In duplicating the lines below, keep every word unchanged and drop the pictures.
===== DATA SEGMENT
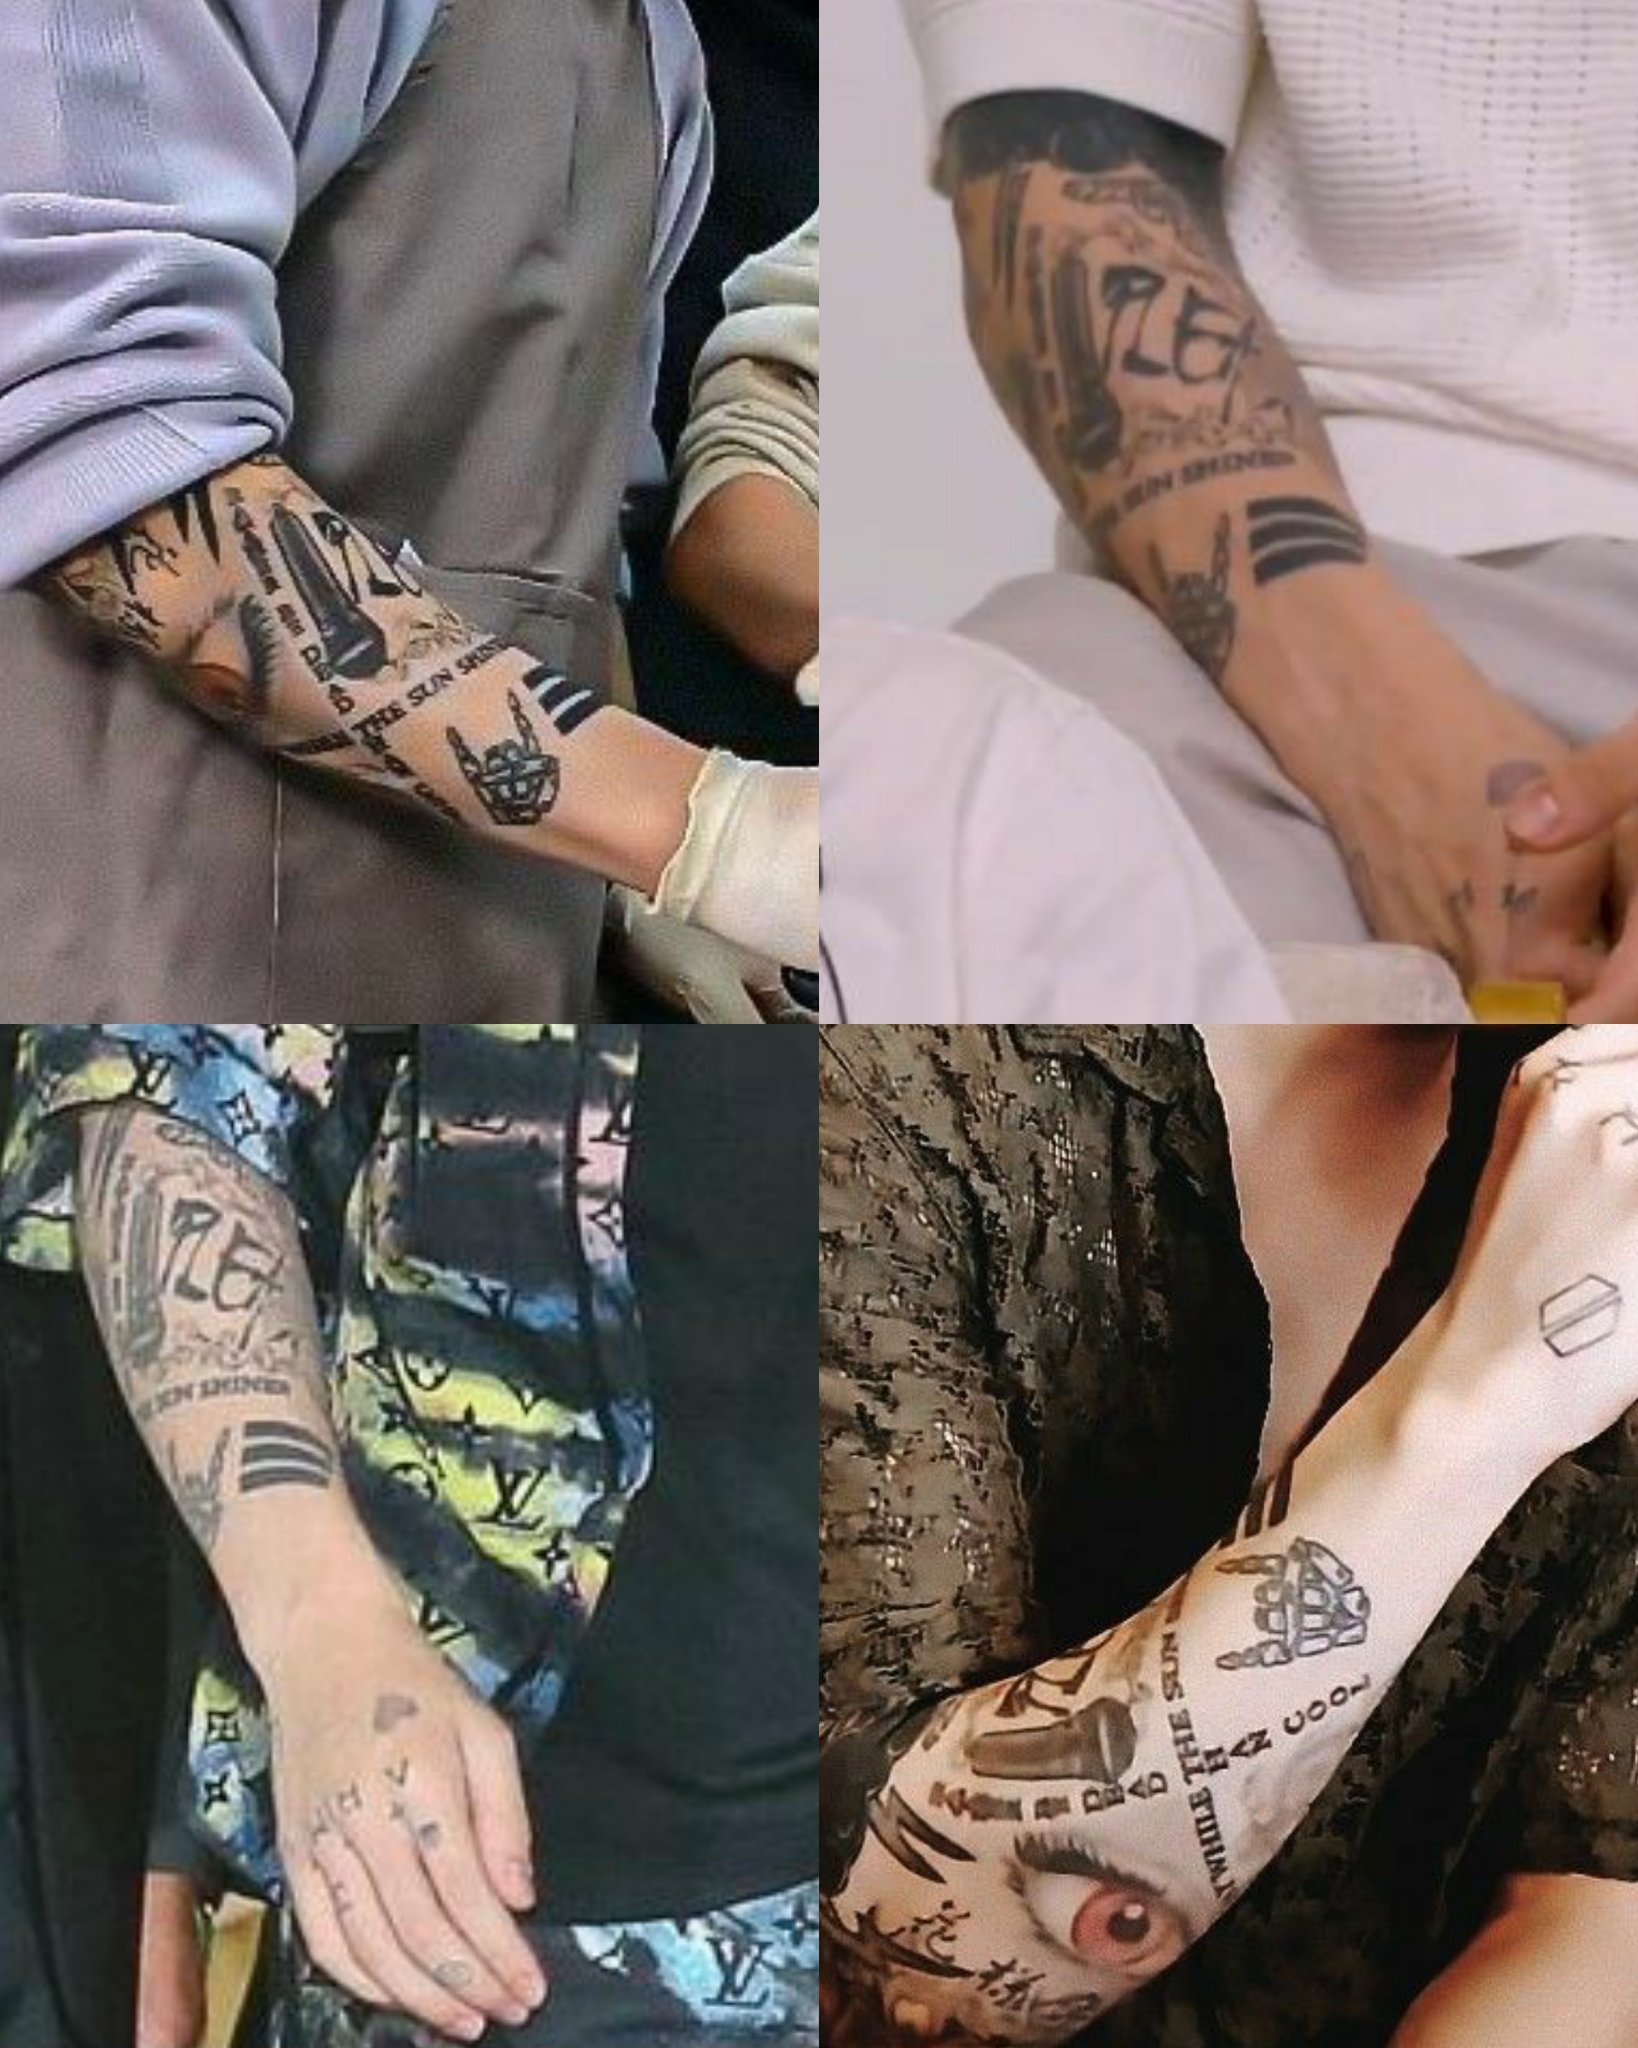 Are Jungkook's tattoos on his arm and hand real or henna? - Quora
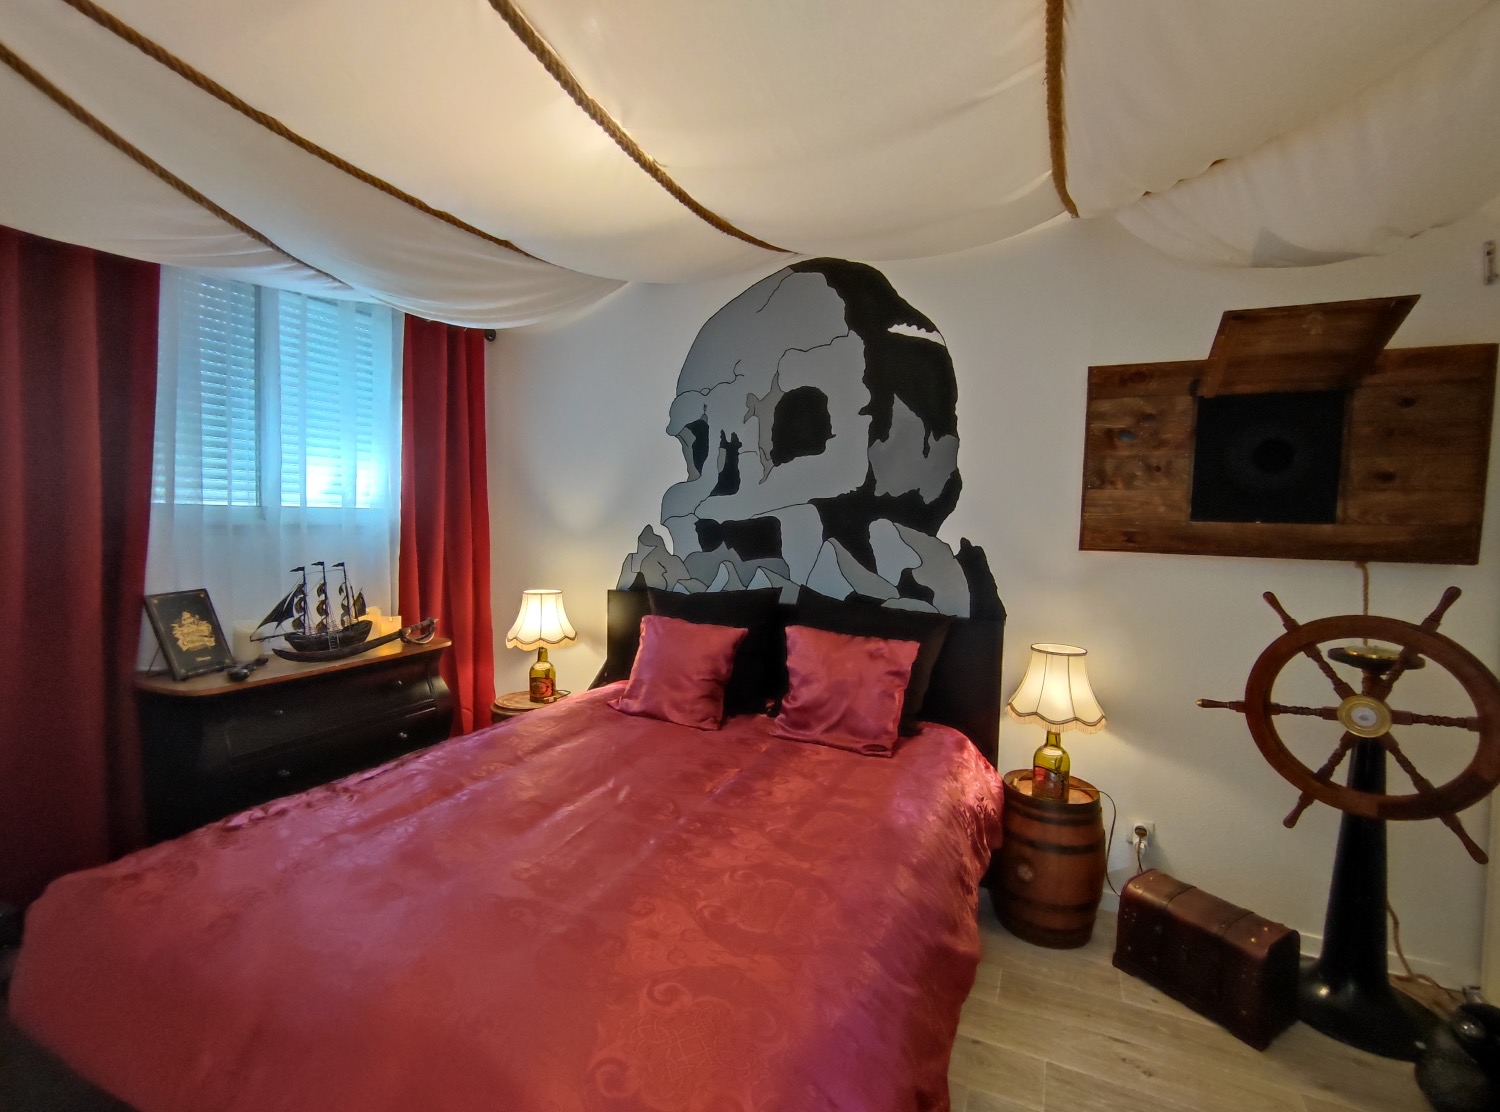 Pirates of the Caribbean Themed rooms near Disneyland Paris, AdventureHome by Tadico Homes
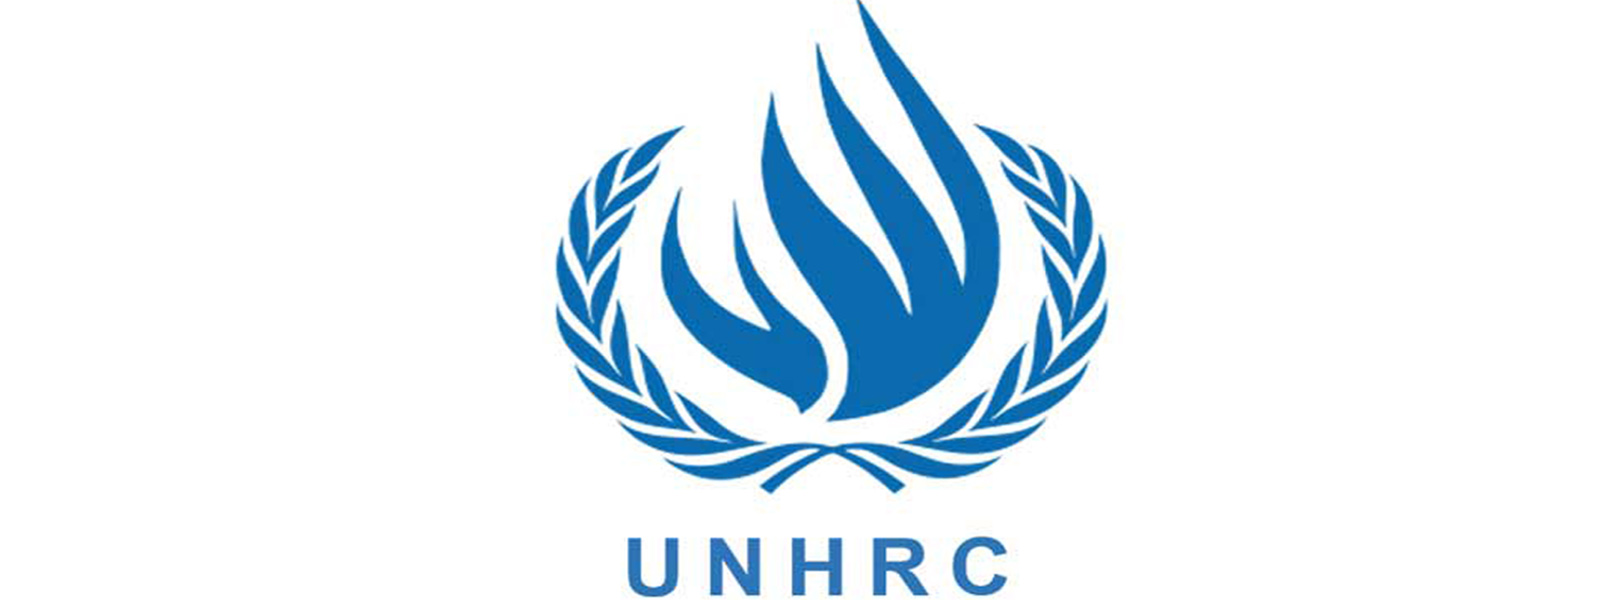 42nd UNHRC session commences in Geneva
==========
■ RESPONSE AREA ■
 Are Jungkook's tattoos on his arm and hand real or henna? - Quora
 Pirates of the Caribbean Themed rooms near Disneyland Paris, AdventureHome by Tadico Homes
 42nd UNHRC session commences in Geneva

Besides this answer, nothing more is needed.